Lawrence started taking psychotropic drugs again after he moved to Elgin, but stopped in September 2018.
Lawrence maintains his symptoms went into a “substantial remission” while he was at Chester and he continued to recover at Elgin.
Lawrence’s so-called Thiem date, or the date his commitment was to expire, was March 20, 2019.
Expiration dates for defendants found not guilty by reason of insanity are determined under the rule set out in People v. Thiem, 403 N.E.2d 647 (1980). The commitment period may not be longer than the maximum time the patient could have been required to serve if convicted of the most serious crime charged.
Lawrence’s father arrived at Elgin on March 20, but was not allowed to take his son home.

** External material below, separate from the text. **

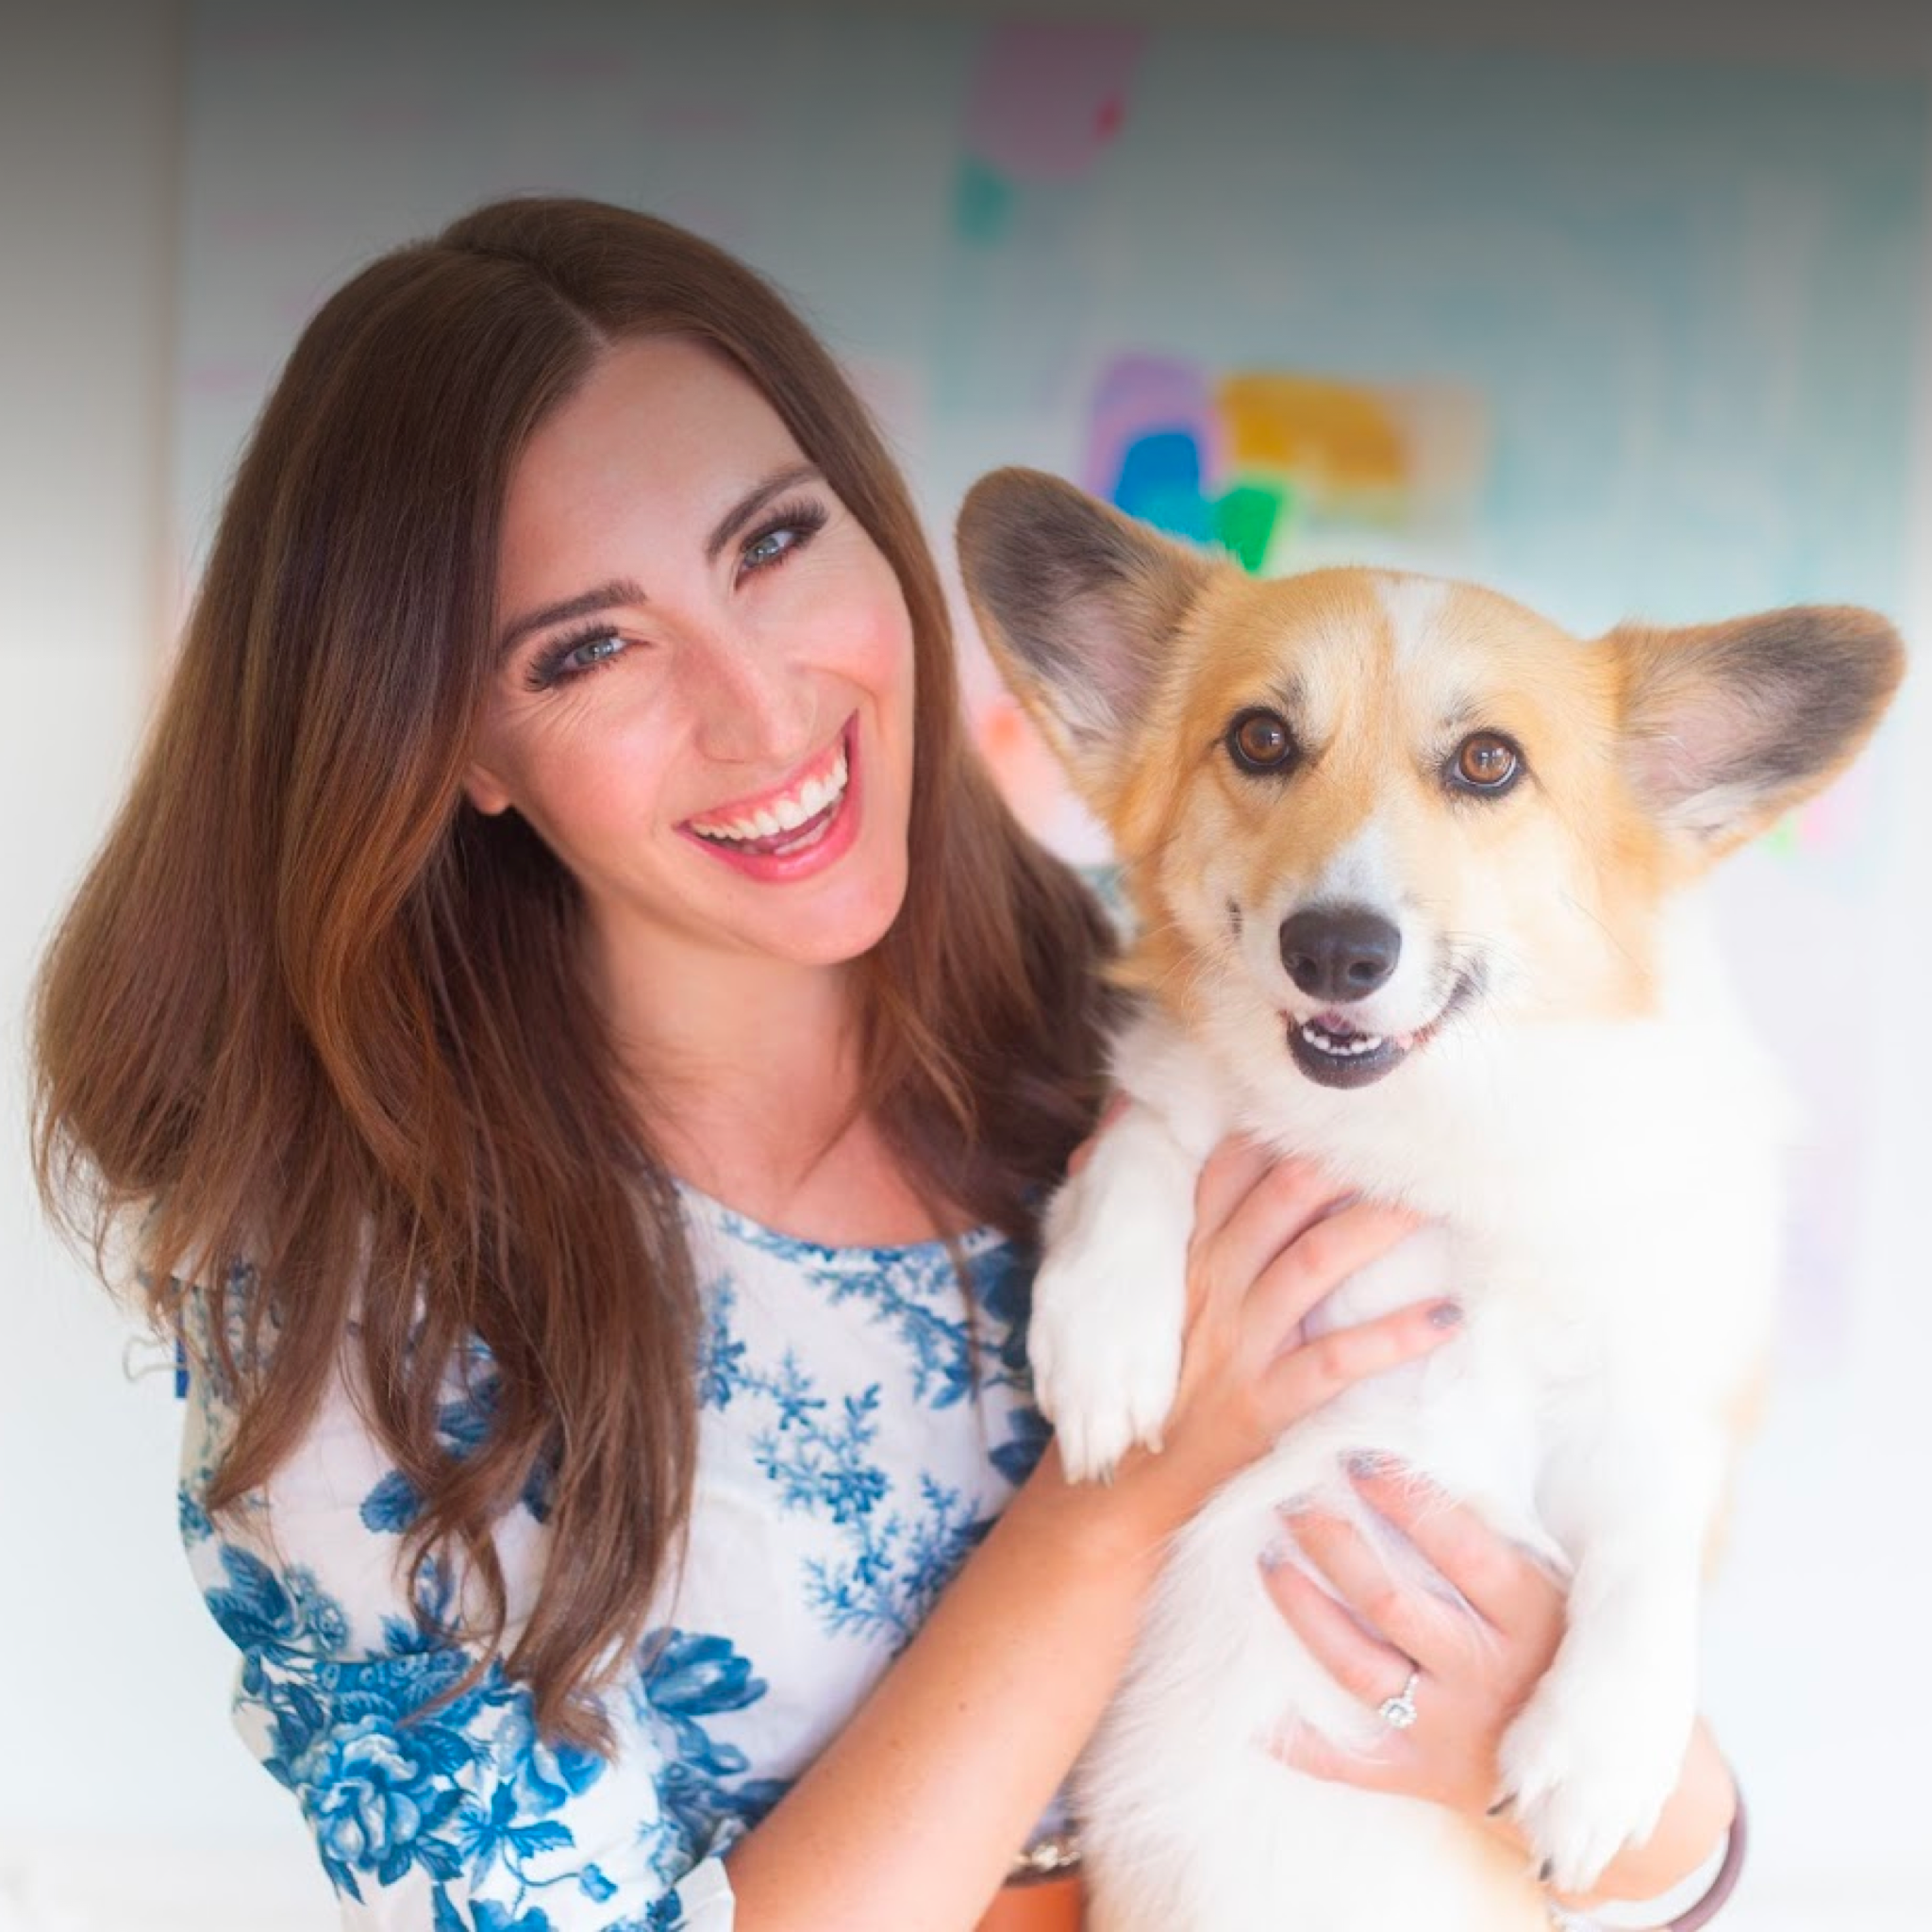 A smiling young woman poses with a corgi in her arms

That day, the involuntary civil commitment petition alleging Lawrence was mentally ill and a danger to himself or others was filed in Kane County Circuit Court.
Lawrence was forced to stay at Elgin for another 90 days. He was released on June 20, 2019.
Lawrence filed his suit against Corcoran the following month, alleging the administrator sought the 90 extra days of commitment as a punishment for Lawrence’s refusal to take psychotropic medication.
Lawrence contends Corcoran has created an environment at Elgin that leads medical personnel under his supervision to fear losing their jobs if they do not coerce patients into taking psychotropic medication.
In her opinion, Rowland held Lawrence sufficiently alleged Corcoran was personally involved in the purported violation of his rights.
Such an allegation is needed to state a claim for supervisory liability under Section 1983 of the Civil Rights Act of 1871, Rowland wrote.
The case is Denzil Lawrence v. James P. Corcoran, No. 19 C 5078.
Lawrence is represented by S. Randolph Kretchmar and Joseph J. Cecala of Kretchmar & Cecala P.C. in Wilmette.
Kretchmar described Corcoran as “one of the prime movers in this psychiatric fiasco.”
“For years we have been aware of multiple, consistent complaints by patients and their families that staff and administrative officials in the [Illinois Department of Human Services] falsify medical records and lie to courts to keep patients hospitalized and force them to accept debilitating drugs,” Kretchmar said in a statement.
“Illinois taxpayers foot the bill for $800 plus per patient per day, and get no benefit of medical help for anyone, or of improved community safety.”
Corcoran is represented by Illinois Assistant Attorney General Hal Dworkin.
A spokesperson for the Department of Human Services could not be reached for comment.